This repository documents my work and key learnings from the NVIDIA Deep Learning Institute's "Fundamentals of Deep Learning" course. The main project involved building, training, and fine-tuning a Convolutional Neural Network (CNN) to classify images of fruit as either fresh or rotten.
The model was successfully trained to identify 6 distinct categories (e.g., fresh apple, rotten apple, fresh banana, etc.) using a dataset from Kaggle.
This project provided hands-on experience with several core deep learning concepts:
-
Transfer Learning: I used a pre-trained model and initially froze its base layers. This technique leverages powerful, generalized features (like edges, shapes, and colors) learned from the massive ImageNet dataset. By training only the final classification layer (the "head"), we can achieve high accuracy with less data and computational cost.
-
Data Augmentation: To prevent overfitting and create a more robust model, the training data was augmented with random transformations. This process artificially expands the dataset by creating modified versions of the images, teaching the model to generalize better.
-
Model Fine-Tuning: After the initial training, the entire model was "unfrozen," and training continued with a lower learning rate.

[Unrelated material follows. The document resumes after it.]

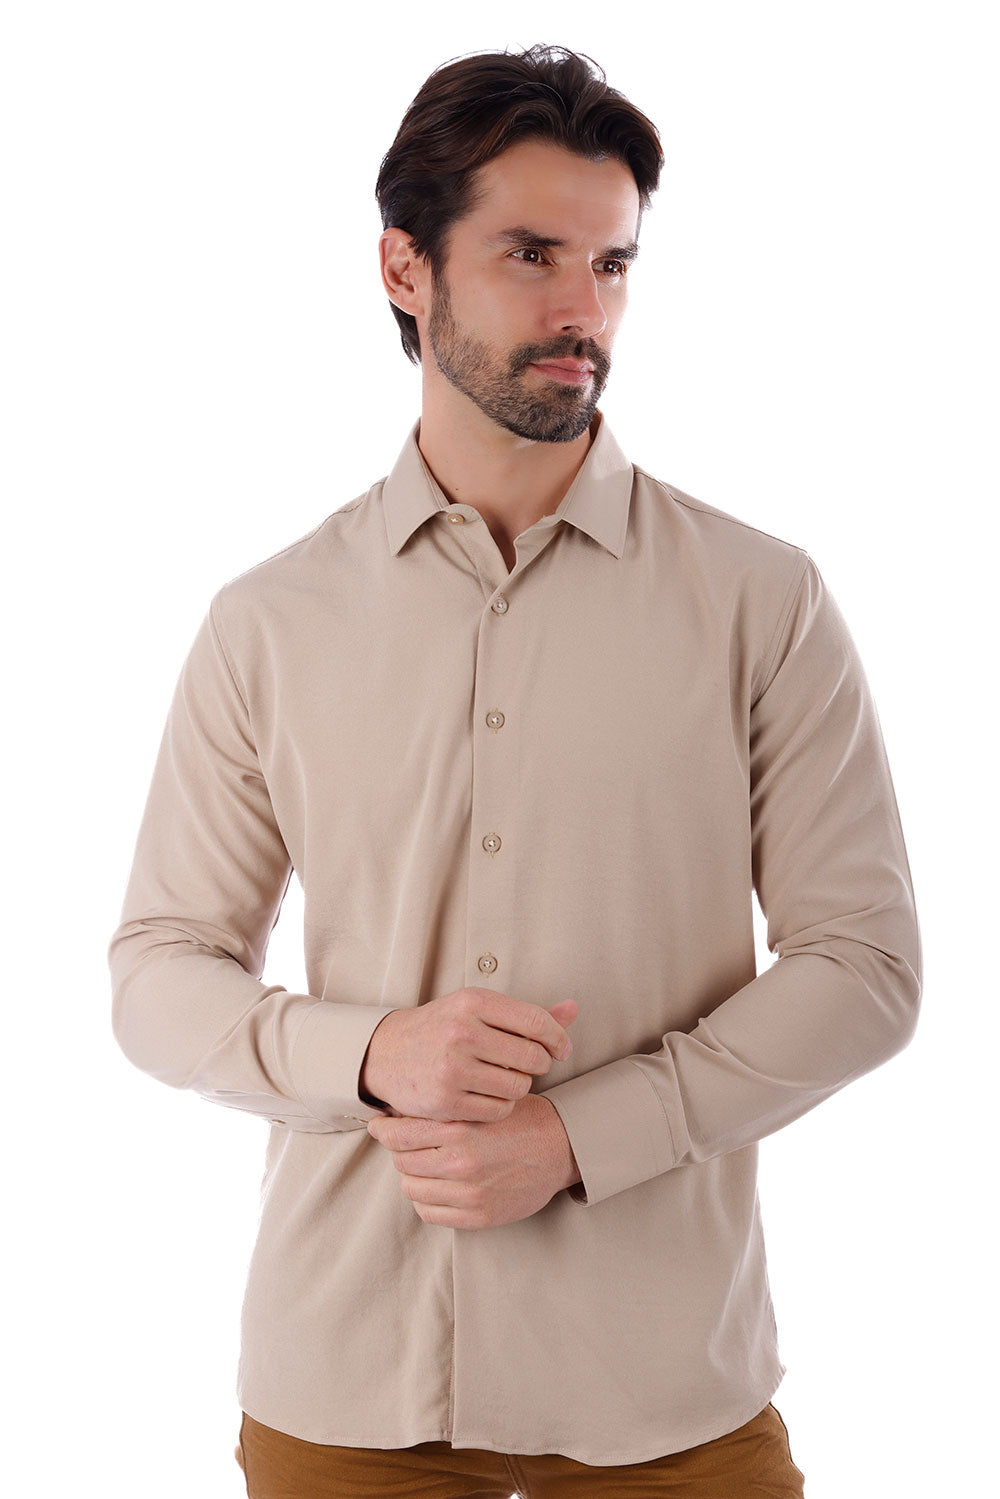 BARABAS Men's Solid Color Casual Button Down Long Sleeve Shirt 4B33 Beige

This step fine-tunes the pre-trained layers, allowing them to adapt more specifically to the features of our fruit dataset, which ultimately boosted the model's accuracy.
The following transformations were applied to the training images to diversify the dataset:
random_trans = transforms.Compose([
# Resize all images to a consistent input size
transforms.Resize((IMG_WIDTH, IMG_HEIGHT)),
# Apply random transformations for augmentation
transforms.RandomHorizontalFlip(p=0.5),
transforms.RandomRotation(15),
transforms.ColorJitter(brightness=0.2, contrast=0.2, saturation=0.2),
# Convert image to a tensor and normalize
transforms.ToTensor(),
transforms.Normalize(
mean=[0.485, 0.456, 0.406],
std=[0.229, 0.224, 0.225]
) # Standard ImageNet normalization
])epochs = 10
for epoch in range(epochs):
print('Epoch: {}'.format(epoch))
utils.train(my_model, train_loader, train_N, random_trans, optimizer, loss_function)
utils.validate(my_model, valid_loader, valid_N, loss_function)- Epochs: 10
- Batch Size: 64
The final model performed exceptionally well, surpassing the assessment's requirements.
- Accuracy Required: > 0.92
- Final Model Accuracy: 0.9514